# DT Swiss R 460 for Cyclocross/Gravel



## Salsa_Lover (Jul 6, 2008)

Dear RBR Cognizenti

I have a Cyclocross bike on which I had used always tubulars or standards clinchers rims. 

There I can run a Michelin Mud 700x30c but seems to me that the tyre "balloons" enough... I don't mount wider tyres on it.

I had not riden it for 2 years more or less and now I would like to set it with wider tyres, more like a gravel bike... 700x35c for example or a bit more.
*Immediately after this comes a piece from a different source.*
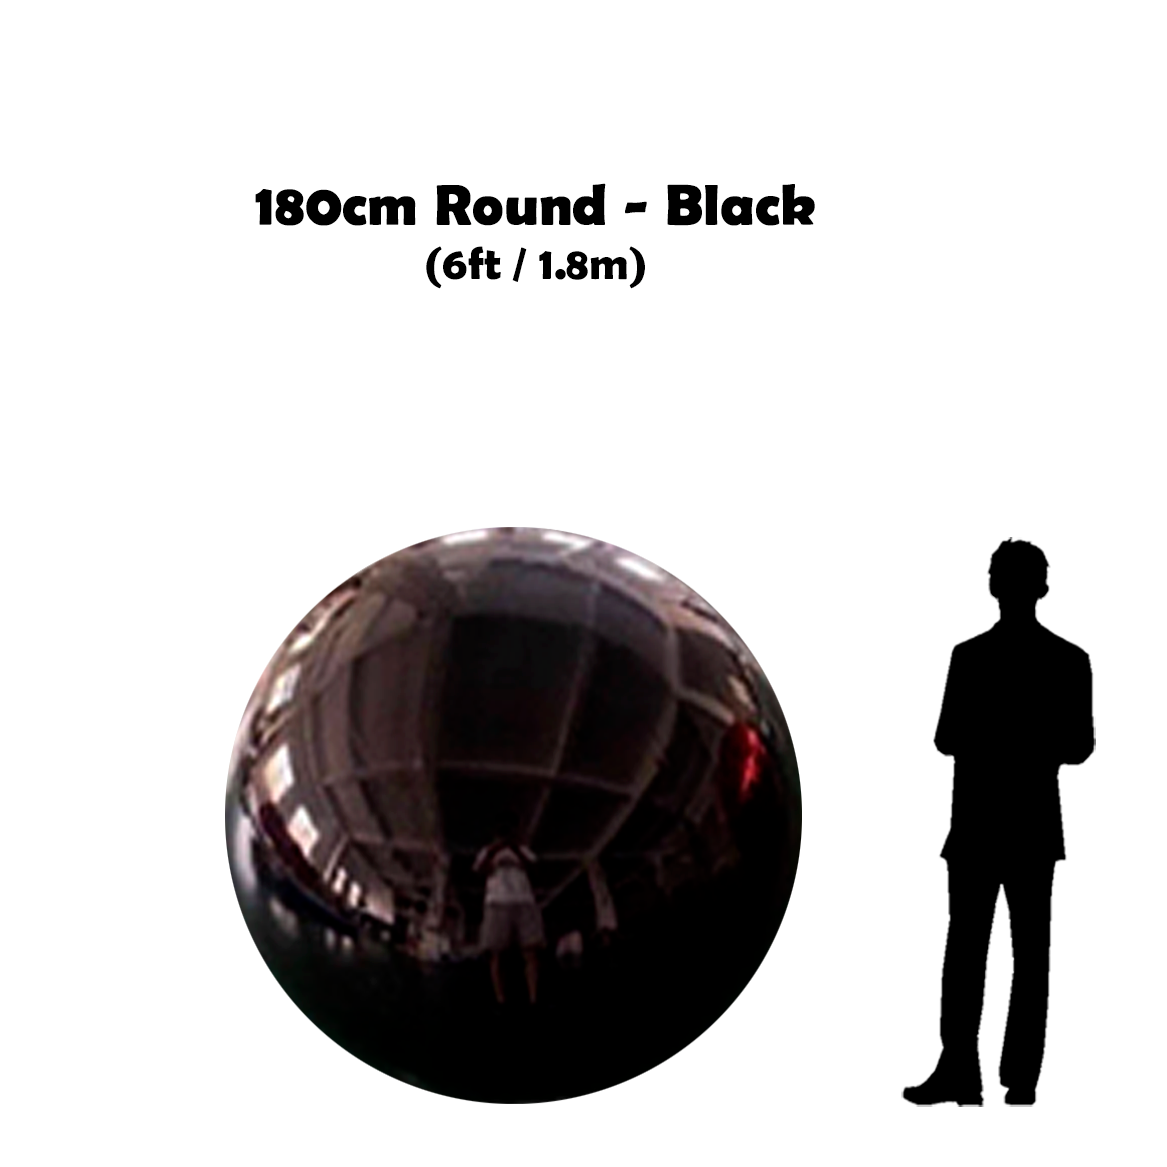 180 cm Big Black ball beside 5'10 guy silhouette

I have a set of Mavic A319 rims, that I could build a set for this bike, these are Touring rims I have the same setup on my commuter, but my commuter is a heavy steel bike with racks, mudguards, heavy commuter tyres etc. 

I think maybe these rims would be a bit too much for a nimble and light Cyclocross carbon frame.

I was thinking on getting something in between, so a set of DT Swiss R 460 for example.

Do any of you have a similar setup ? can you post some pictures ?

Thanks


----------



## Lombard (May 8, 2014)

The DT R460 is a good solid rim and a great bang for the buck. I built up a set of these for my road bike. I'm sure they would work for cyclocross or gravel as long as you don't do anything too stupid with them like hop off cliffs.


----------